Selectors are yet to make a call on whether they should plough on with Scott Kuggeleijn as a fourth quick or bring back spin-bowling all-rounder Mitch Santner.

Southee, meanwhile, has not been pulling his weight in the bowling, managing only four wickets in his past three Tests.

“Each week you’re trying to go out and put your best foot forward,” Southee said on Thursday.

“But there’s no hiding from the fact that the last couple of Test matches have been disappointing. I know that. I’d always like more wickets.
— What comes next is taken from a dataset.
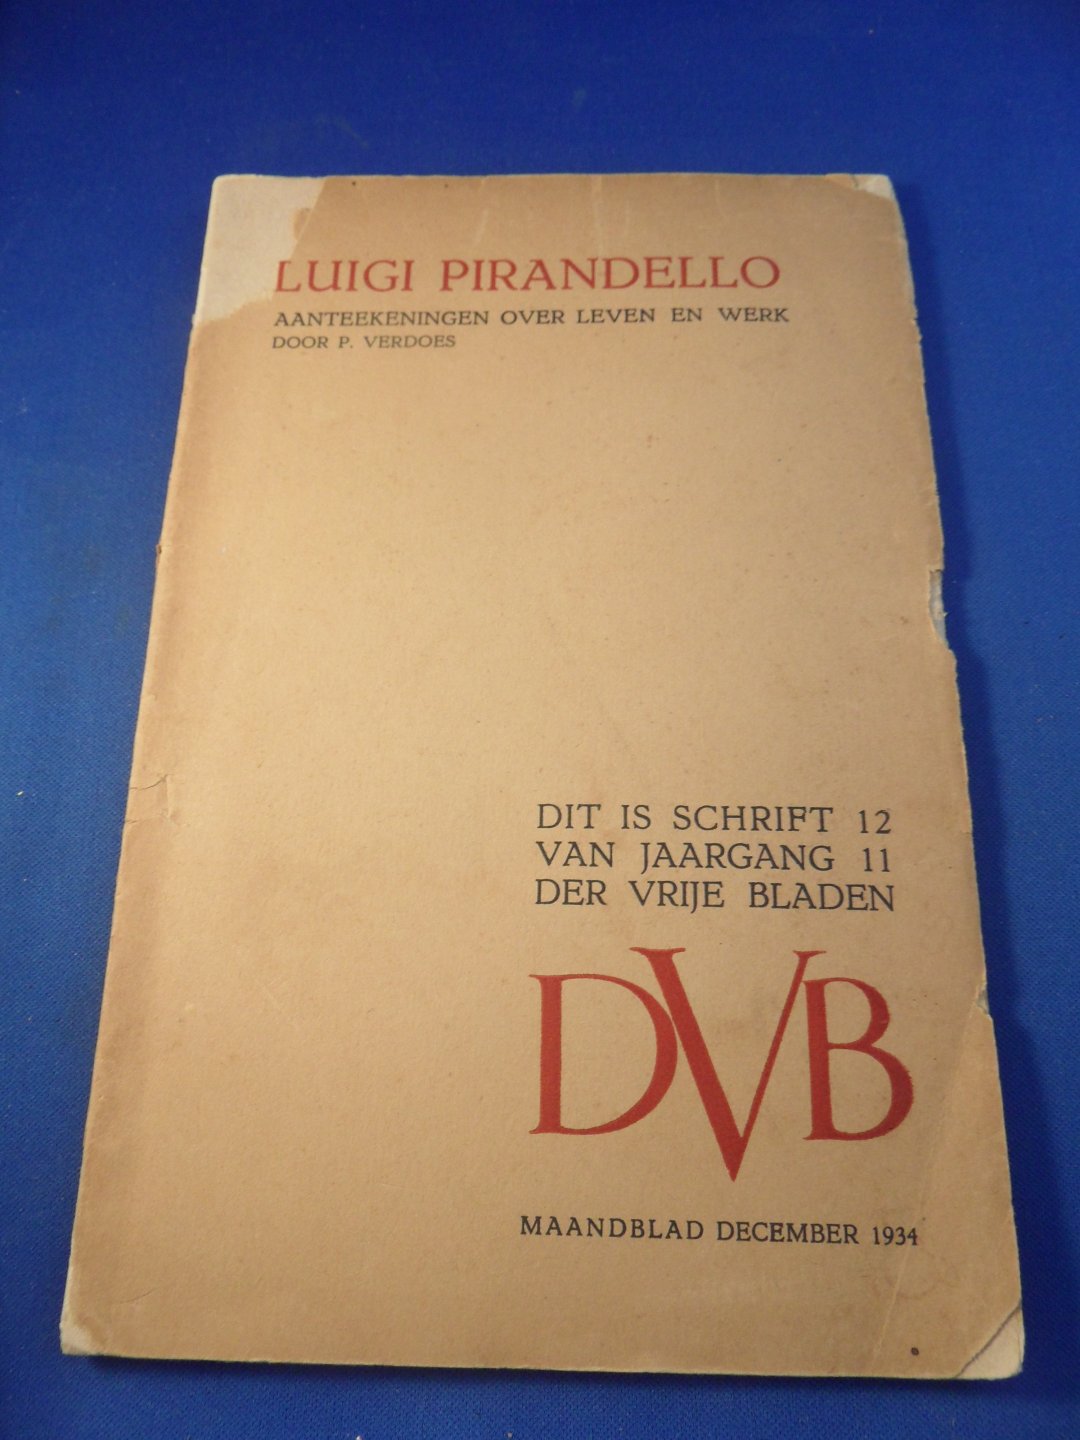 Verdoes, P. - Luigi Pirandello. Aanteekeningen over leven en werk

And hopefully, there’s some to come.”


Run out for a duck in Wellington before a cheap dismissal by Lyon, Williamson is also determined to rebound and help New Zealand bury a 31-year winless streak on home soil against Australia.

Anything less than victory will go down as another missed opportunity for the Black Caps to free themselves of one of the most stubborn psychological blocks in the sport.

For all that, New Zealand is not bereft of hope.

Australia’s 172-run win in Wellington in four days flattered them somewhat, and the hosts were the architects of their own demise early on day two.

Though Cameron Green got away with an unbeaten 174 and a huge 10th wicket partnership with Josh Hazlewood, the tourists’ batters were otherwise well-contained.

Several, including forlorn number three Marnus Labuschagne and wicketkeeper Alex Carey, are under major pressure.

Should New Zealand get their bowling selection right and Williamson gets back in the runs, Christchurch could have a very different complexion to the opening match in Wellington.

With favourable weather forecast at a ground that has produced results in 11 of 12 matches, fans should be in for a treat as both teams go for broke.

Victory for either team will shore up their place near the top of the World Test Championship standings.